Творчеству Алексея Хвостенко, которого и друзья, и незнакомые люди час-то называли Хвост, трудно дать точное жанровое определение. Художник и скульптор, поэт, сочинитель популярных песен, джазист, редактор журналов и режиссер спектаклей, организатор художественно-богемной жизни в Питере, потом в Париже, а потом, к сожалению, на короткий срок — в Нью-Йорке, где живу и я. Пожалуй, он был художником в англоязычном смысле слова «artist», что подразумевает и художника, и поэта, и музыканта, но главное — человека с артистической, художественной психофизиологией («sensibility»).

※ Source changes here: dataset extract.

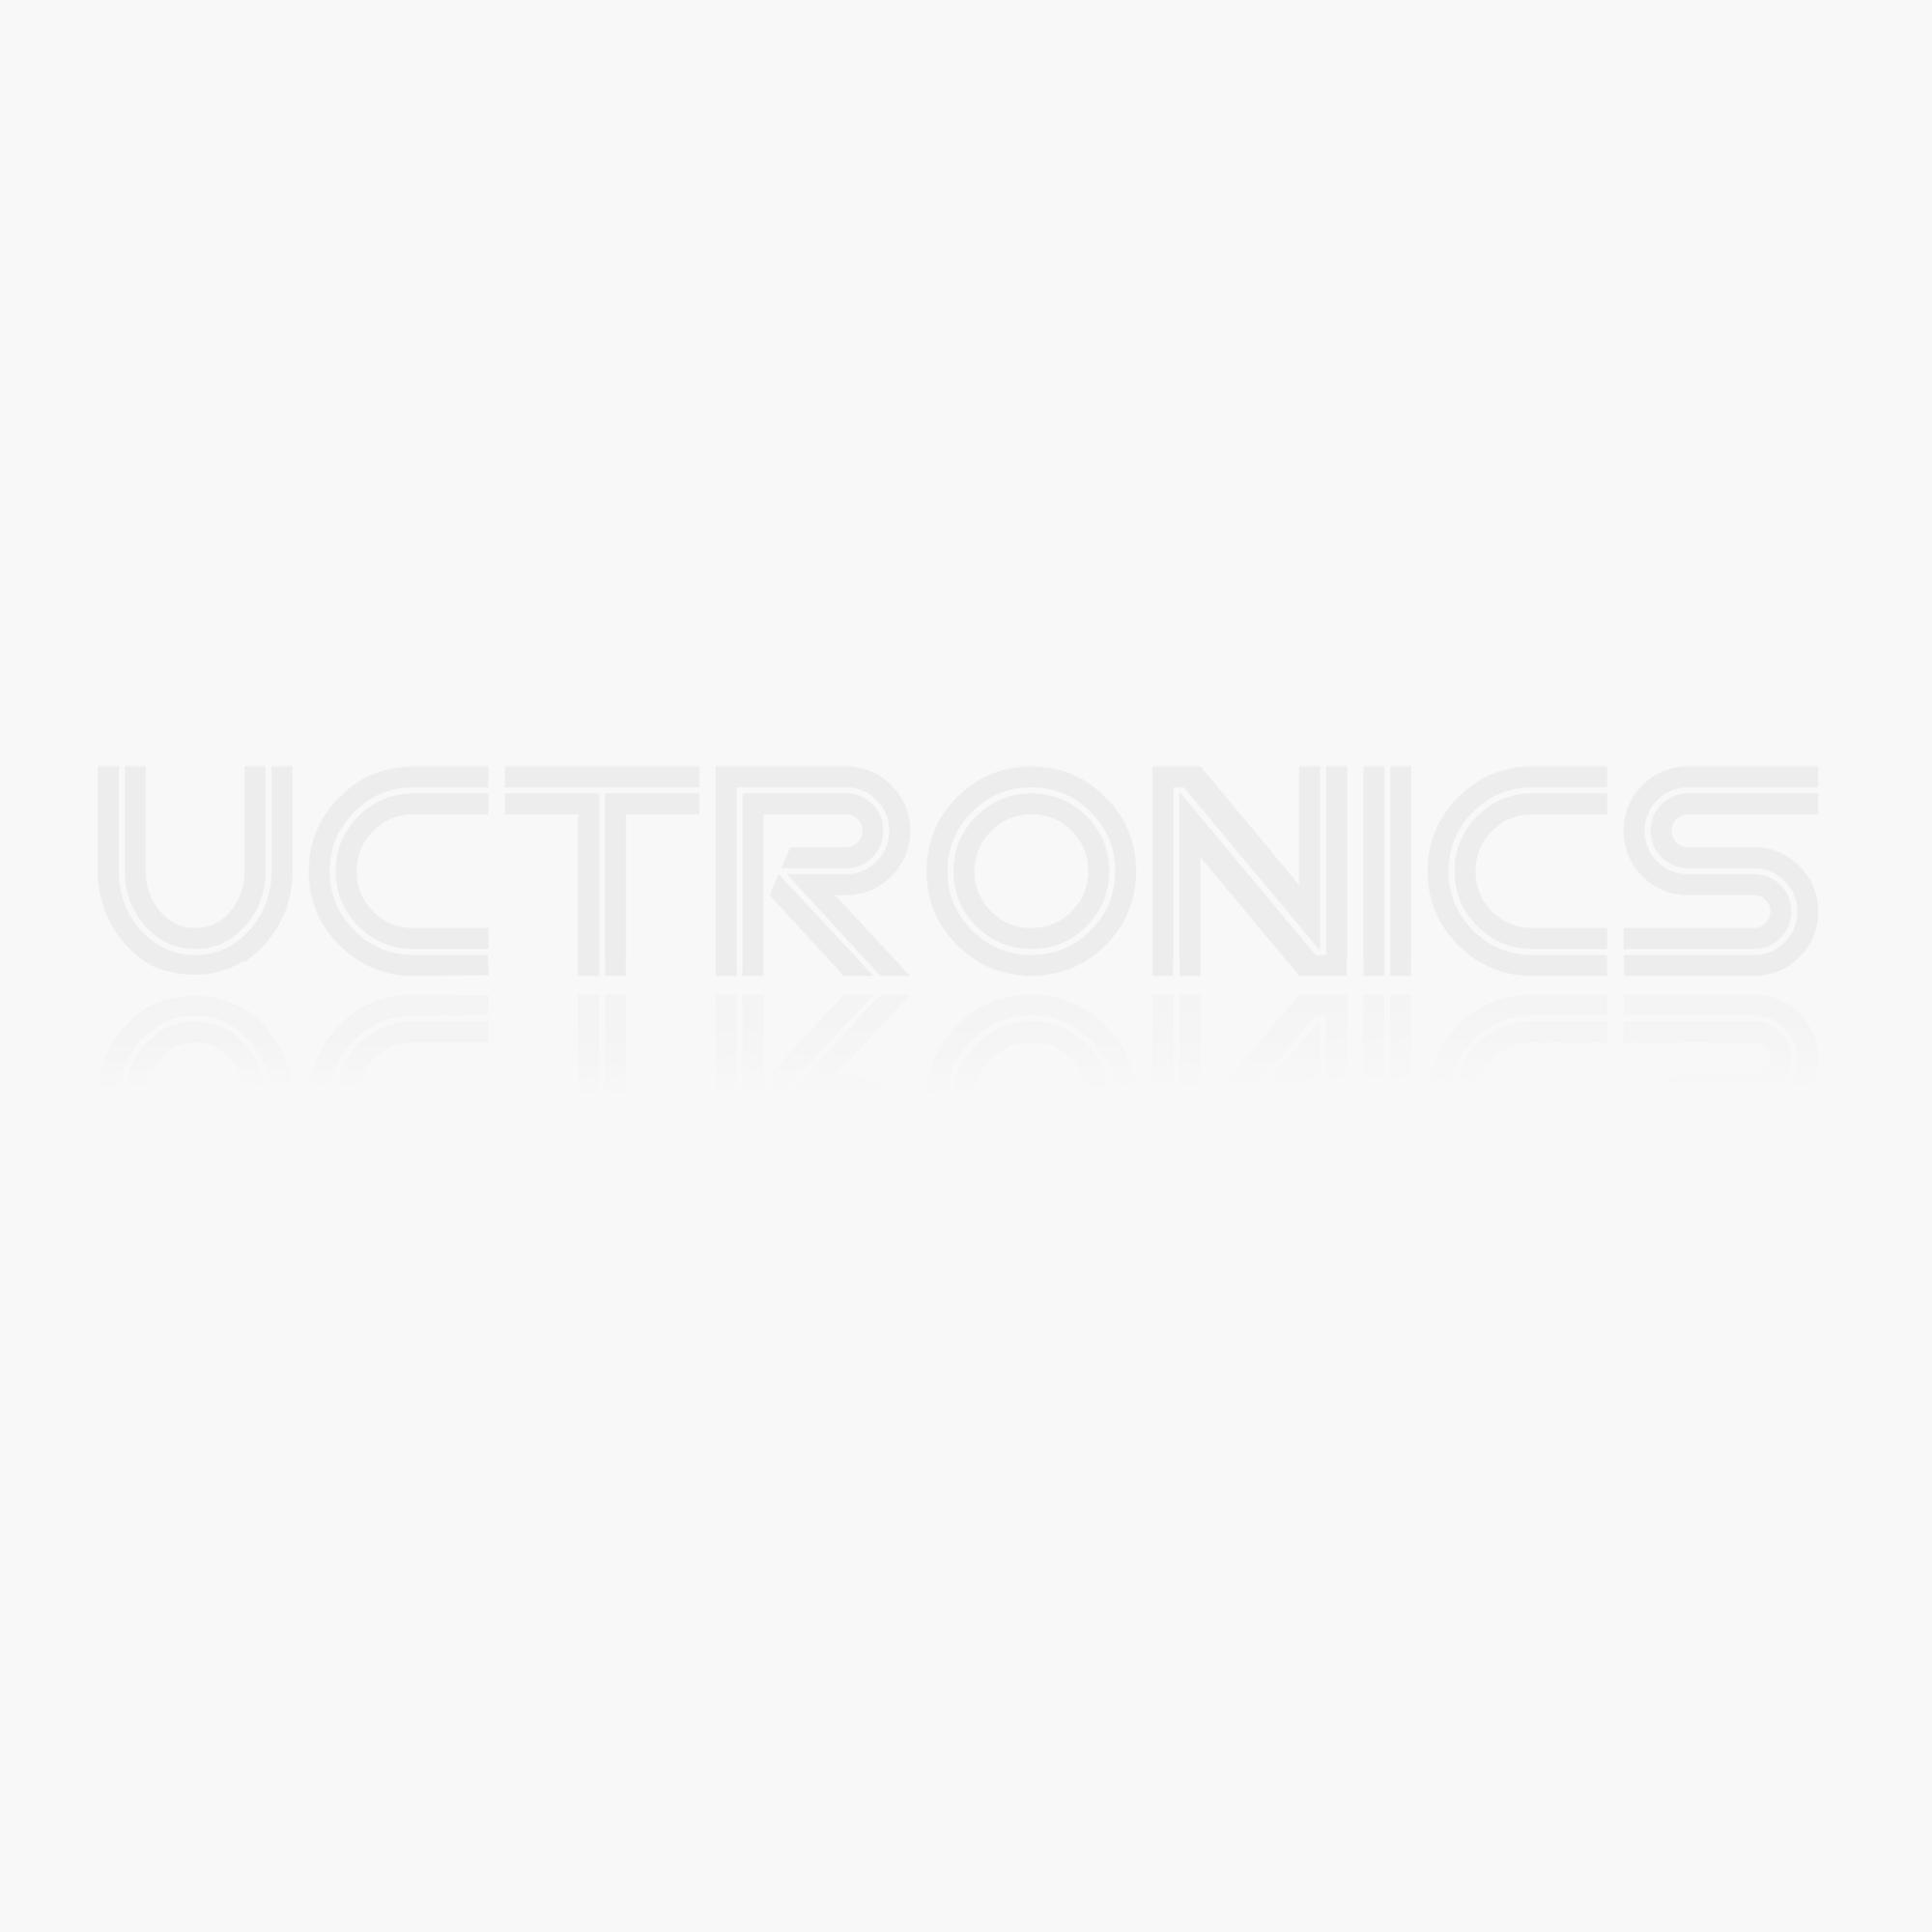 DC 4.5-30V Digital Voltage Meter - Blue

Я ввожу здесь ссылки на английский язык и на художественные понятия англоязычной культуры не случайно — не только из-за Нью-Йорка.
Хвост, несмотря на несколько утрированные народность и фольклорность (которые, конечно, в нем тоже были органичными) и крест на шее поверх майки, был художником по своему складу западным — вернее, космополитичным, принадлежащим всему миру. Вырос он в ленинградской интеллигентной семье, был хорошо образован, начитан, хорошо знал английский и французский языки. В ранние 1960-е помогал тогдашнему своему другу Иосифу Бродскому с первыми переводами. В бытовом поведении Хвостенко был не просто «представителем русской художественной богемы 60-х» — нет, он был одним из основных создателей этой богемы, особенно питерской7 (питерские и московские богемные круги тех лет несколько отличались).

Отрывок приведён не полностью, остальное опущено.